Why perform a "Bubble Up" operation at all?
--------------

If Stolos was purely a "Bubble Down" system (like many task dependency
schedulers), executing `App_B` first means we
would have to wait indefinitely until `App_A` successfully completed
and submitted a `job_id` to the queue.  This can pose many problems: we
don't know if `App_A` will ever run, so we sit and wait; waiting
processes take up resources and become non-deterministic (we have no
idea if the process will hang indefinitely); we can create locking
scenarios where there aren't enough resources to execute `App_A`;
`App_B`'s queue size can become excessively high; we suddenly need a
queue prioritization scheme and other complex algorithms to manage
scaling and resource contention.

If a task dependency system, such as Stolos, supports a "Bubble Up" approach,
we can simply pick and run any app in a dependency graph and expect that it
will be queued to execute as soon as possible to do so.  This avoids the above
mentioned problems.

Additionally, if Stolos is used properly, "Bubble up" will never queue
particular jobs that would otherwise be ignored.

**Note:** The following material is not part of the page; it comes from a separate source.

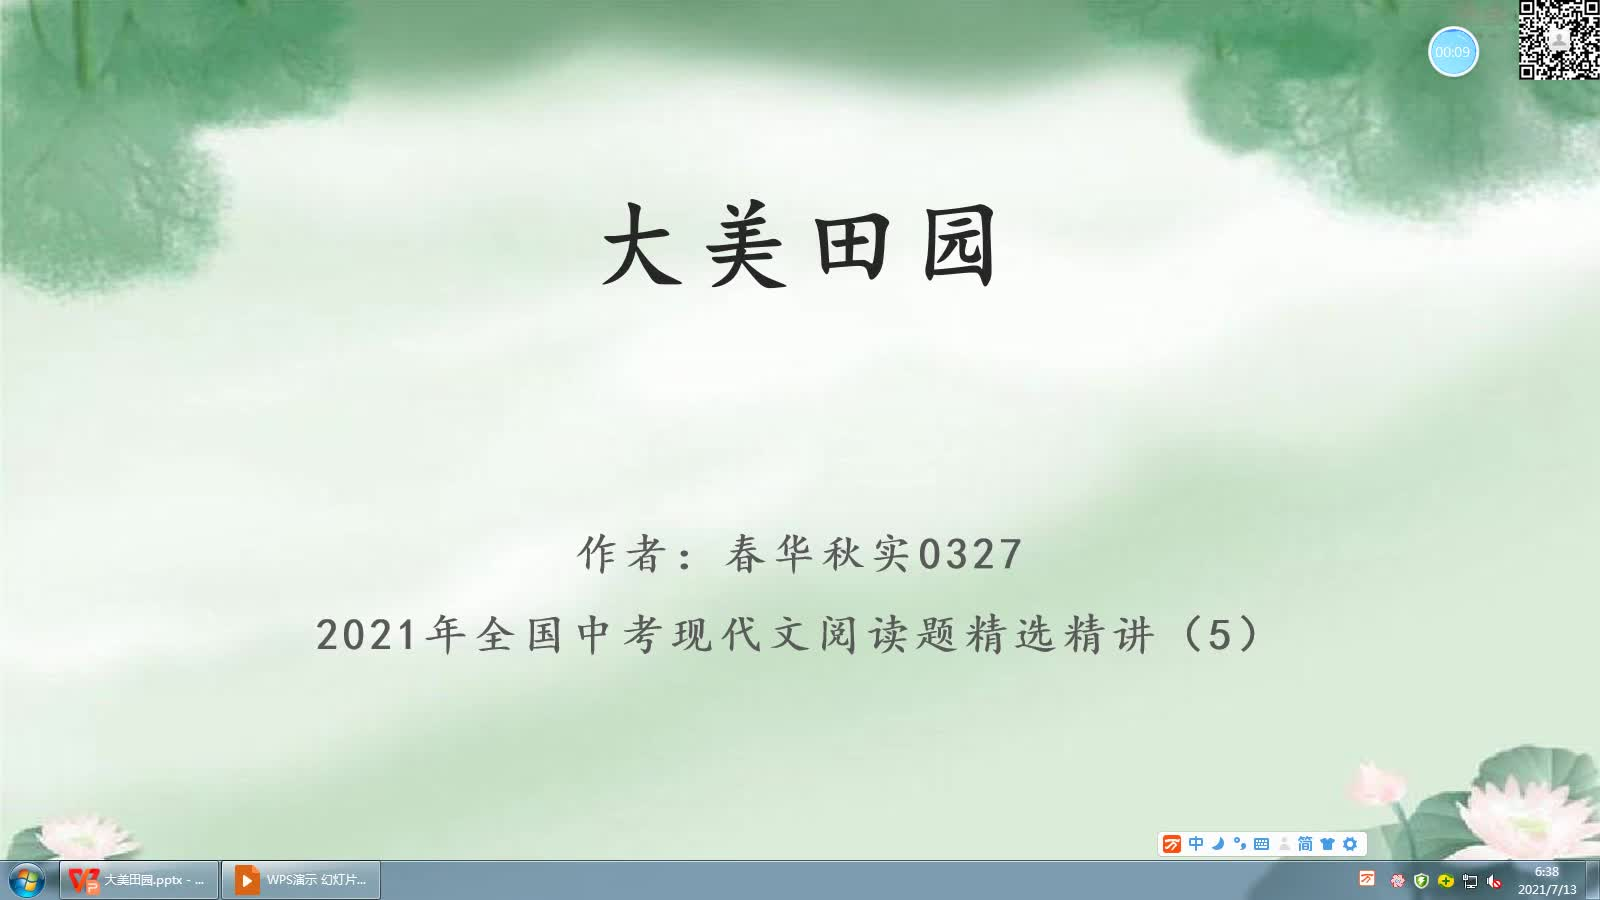 2021年全国中考现代文阅读题讲解视频:《大美田园》(2021年重庆市中考语文试卷A卷)

Do I need to choose between "Bubble Up" and "Bubble Down" modes?
--------------

Stolos performs "Bubble Up" and "Bubble Down" operations simultaneously,
and as a user, you do not need to choose whether to set Stolos into "Bubble Up"
mode or "Bubble Down" mode, as both work by default.

The key question you do need to answer is how do you want to start the jobs in
your dependency graph.  You can start by queueing jobs at the very top of a
tree and then "bubble down" to all of your child jobs.  You could also start by
queueing the last node in your tree, or you can start jobs from somewhere in
the middle.  In the latter two cases, jobs would "Bubble Up" and then "Bubble
Down" as described earlier in this section.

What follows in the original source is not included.